[WHAT THIS TASK INVOLVES] In the material below, find the line with "Screenshot_2020-02-09 Amazon ca" and the line with "H-E-B Liners - Long; image 1 of 2". Output exactly those two lines and all lines between them, leaving out pictures.

[SUPPLIED INFORMATION]
▽

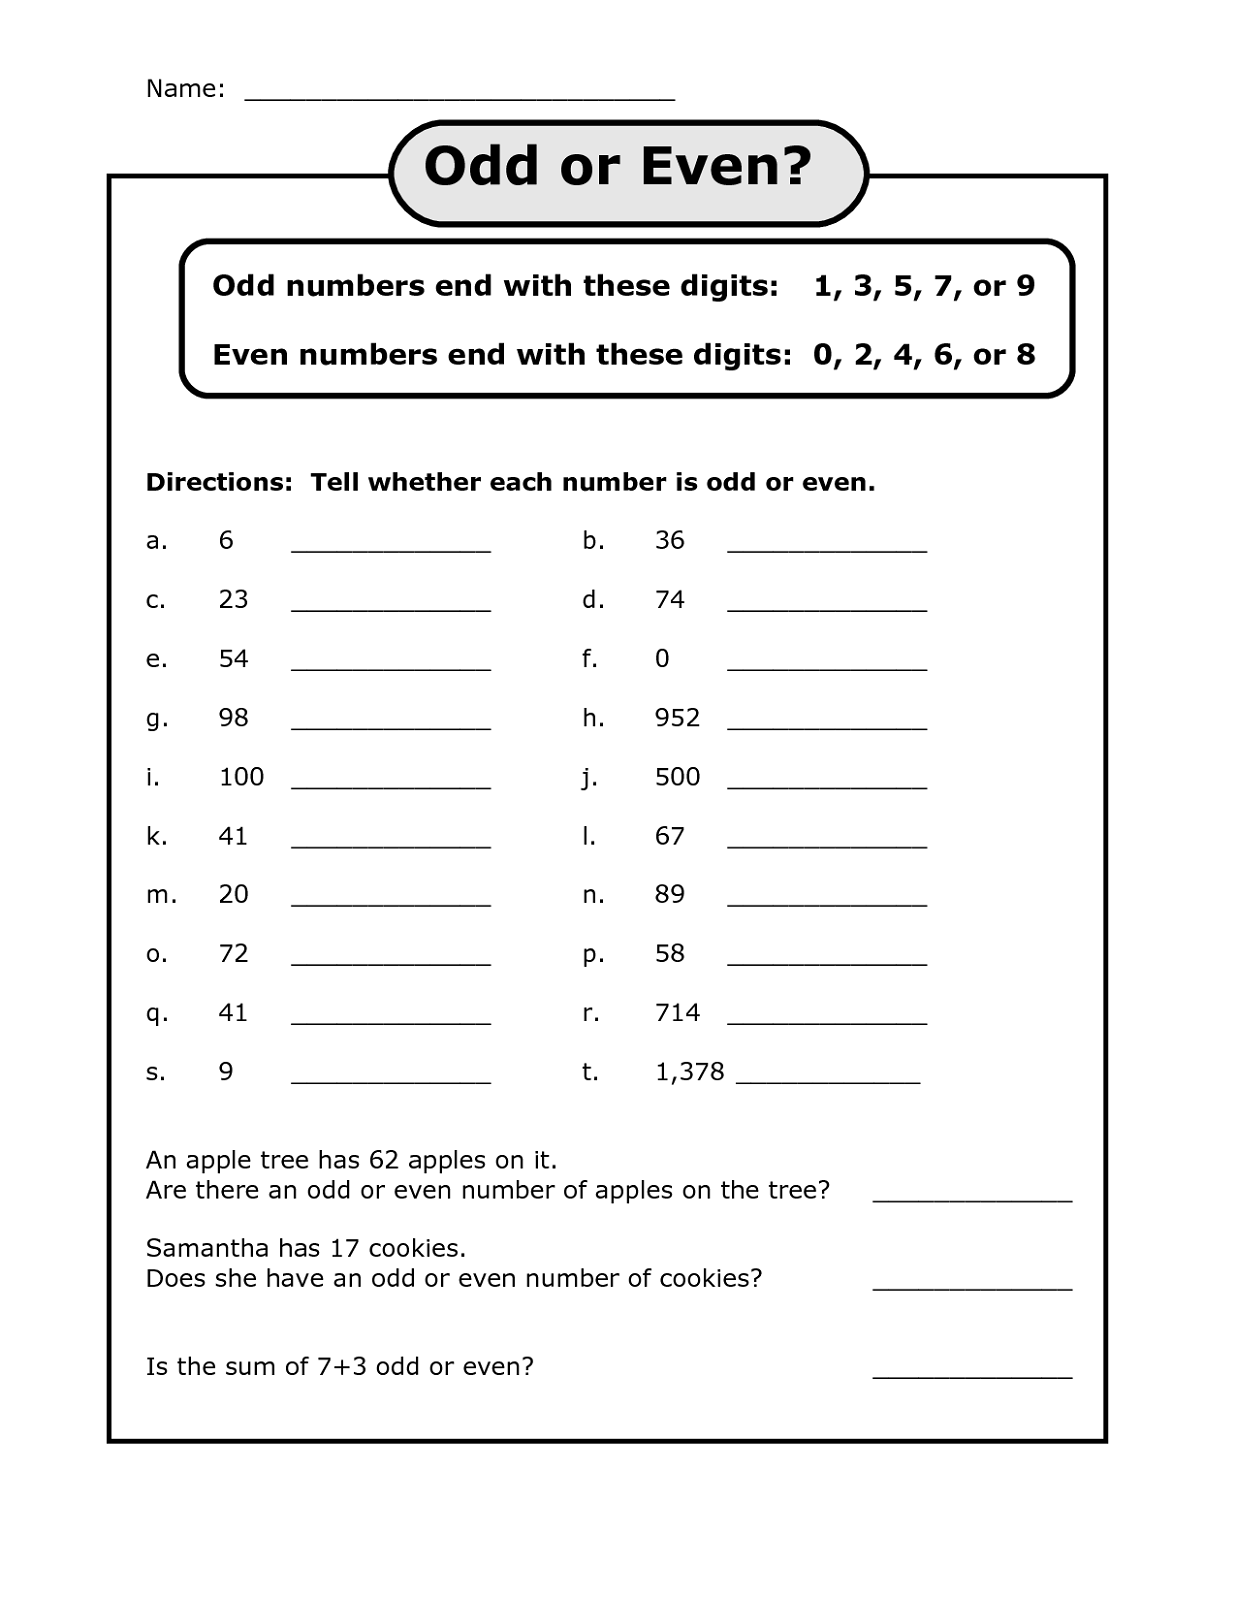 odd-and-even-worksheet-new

△
▽

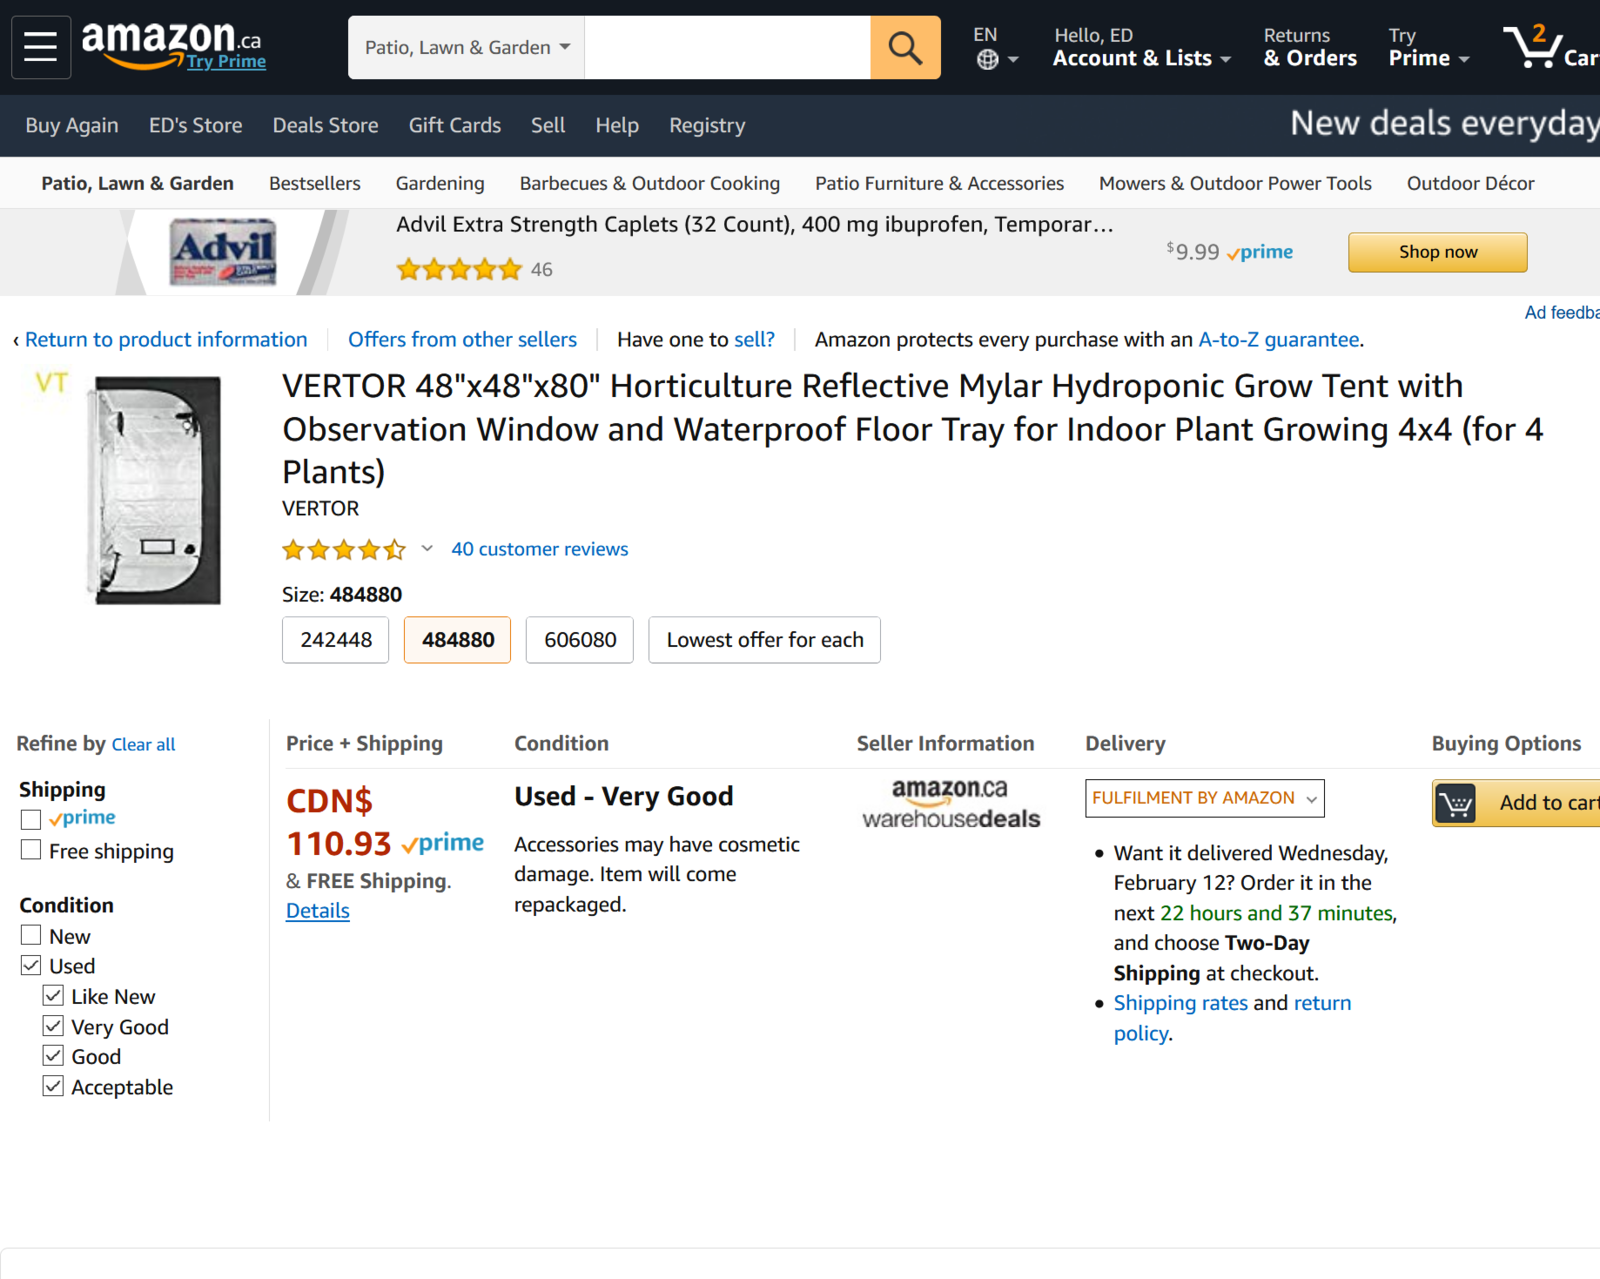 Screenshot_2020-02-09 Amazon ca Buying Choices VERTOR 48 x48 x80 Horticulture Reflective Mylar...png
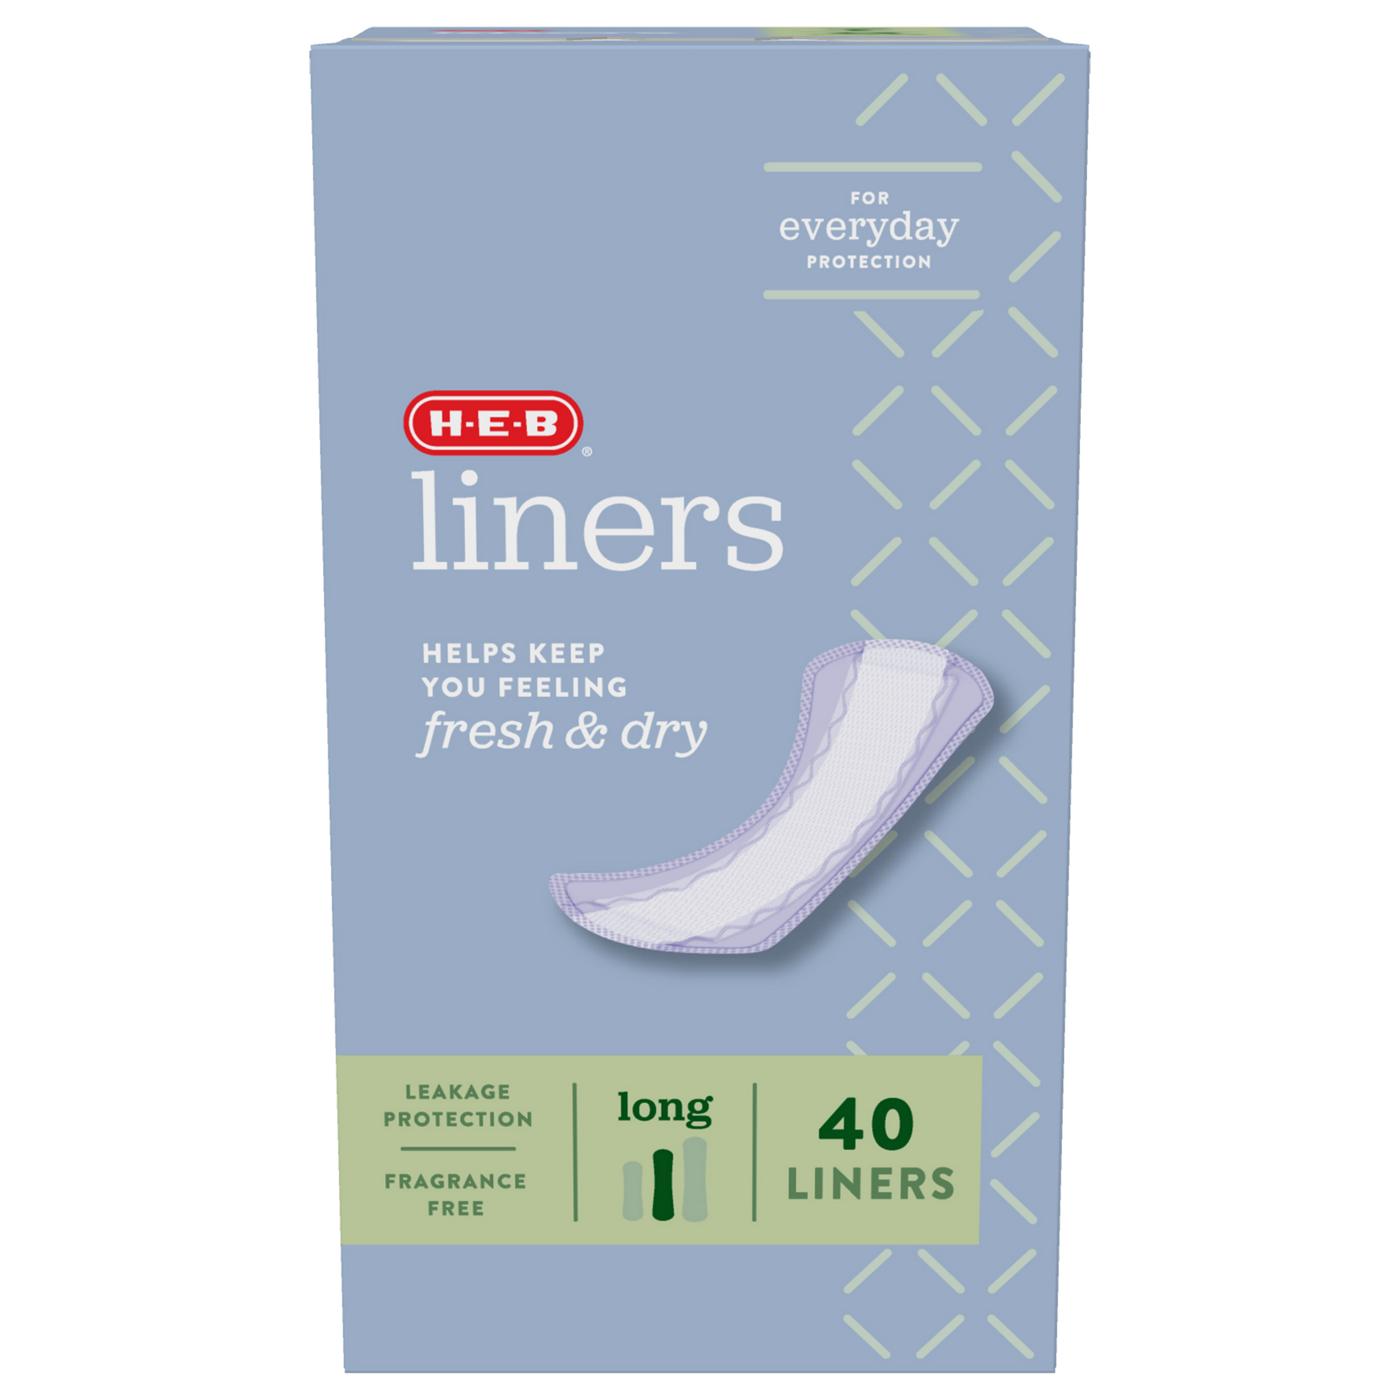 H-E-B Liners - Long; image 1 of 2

△
▽

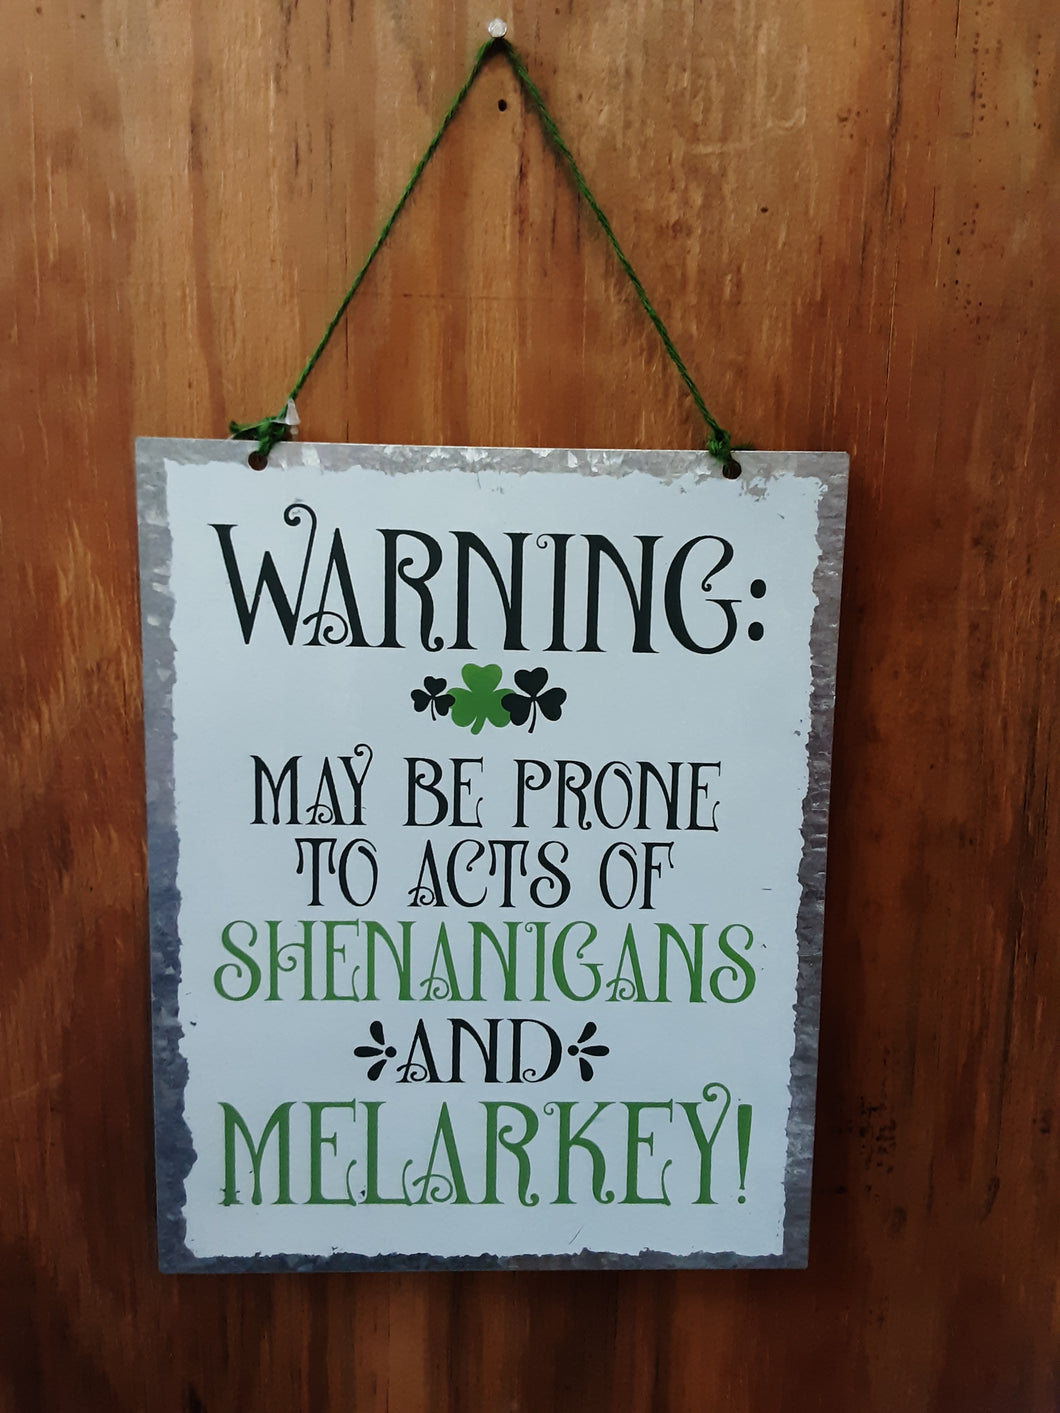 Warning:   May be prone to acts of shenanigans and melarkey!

△

[ANSWER SECTION]
 Screenshot_2020-02-09 Amazon ca Buying Choices VERTOR 48 x48 x80 Horticulture Reflective Mylar...png
 H-E-B Liners - Long; image 1 of 2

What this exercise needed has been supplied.